In this second iteration of their collaboration, the artists continued to engage a unique ensemble of consumer- and military-grade audio technologies designed for control, distraction, surveillance, entertainment, and force, asking: “What else can this do?” Police-grade devices became tonal instruments, subwoofers generated vibrational architecture, and directional speakers carved overlapping sonic zones. In the Luxe vestibule, a Holosonics Audio Spotlight directional speaker emitted looping film-title motifs, teasing arrival without resolution. Meanwhile, noise-cancelling headphones amplified Shepard tones, producing the auditory illusion of endless ascent.
By emphasizing latency, the work staged time contrapuntally: what was heard rarely matched what was seen, and interior and exterior folded into one another.
Low-frequency sounds were felt as well as heard, creating an immersive environment that modulated tension, anticipation, and bodily awareness. A camera fitted with transducers captured a scene from the window of Western Front’s library. The resulting footage was presented as two simultaneous video projections: one live, and the other routed through a livestreaming platform to introduce compression and latency. The transducers converted low-frequency sound into physical vibration, actively shaking the camera as it recorded. Meanwhile, two subwoofers transmitted a separate low-frequency score through the walls adjoining the Grand Luxe Hall, allowing visitors to feel vibrations that echoed those seen on screen. Repurposed LRADs (Long-Range Acoustic Devices), typically used by law enforcement for crowd control, delivered focused audio, and a set of Genelec speakers diffused sound captured by an ambisonic microphone at the centre of the room.
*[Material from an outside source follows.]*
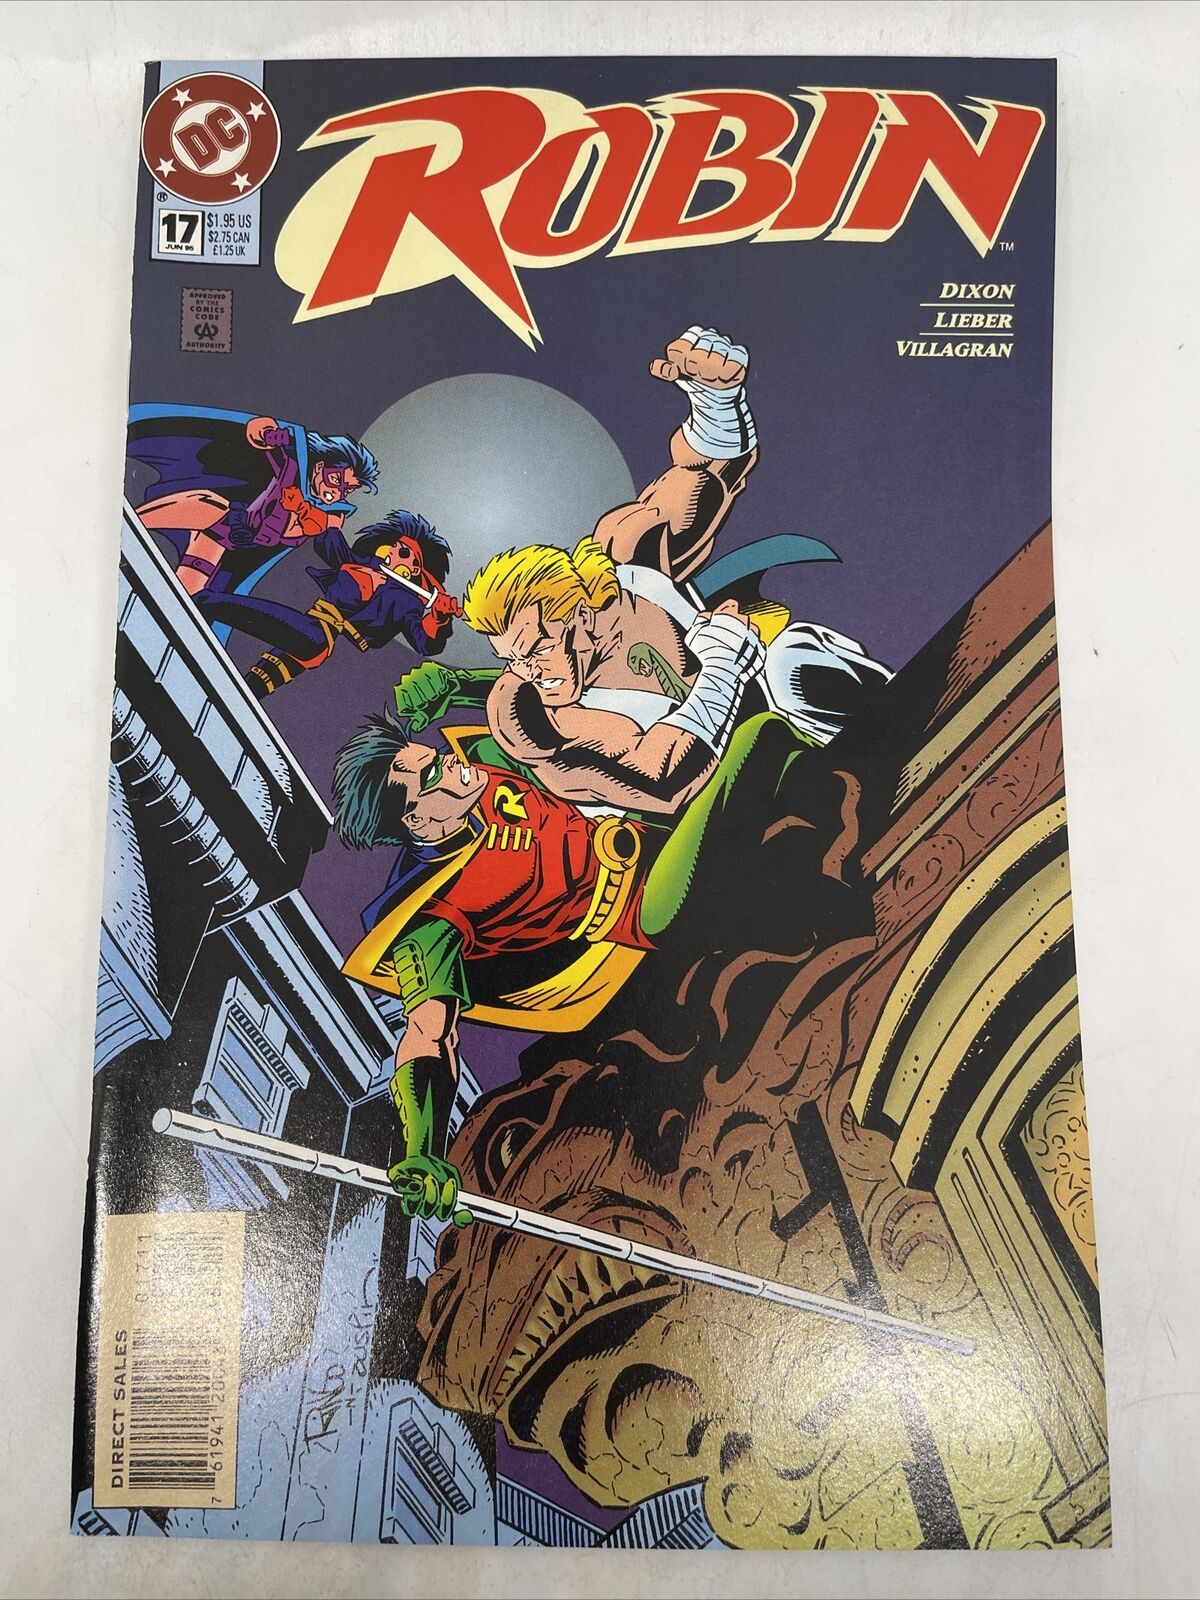 Robin #17 June 1995DC Comics

This interplay of image, sound, and vibration explored delayed perception, feedback, and the relationship between action and reception. Fugue Zones, ost became a living fugue: a dynamic system of repetition, transformation, flight, and return.
The work began at fifteen minutes after the top of each hour, and was approximately thirty minutes in length.
Fugue Zones, ost was co-produced with Canary Test, Los Angeles with support from the Mike Kelley Foundation for the Arts Infinite Expansion Grant, the Canada Council for the Arts, and SOCAN Foundation.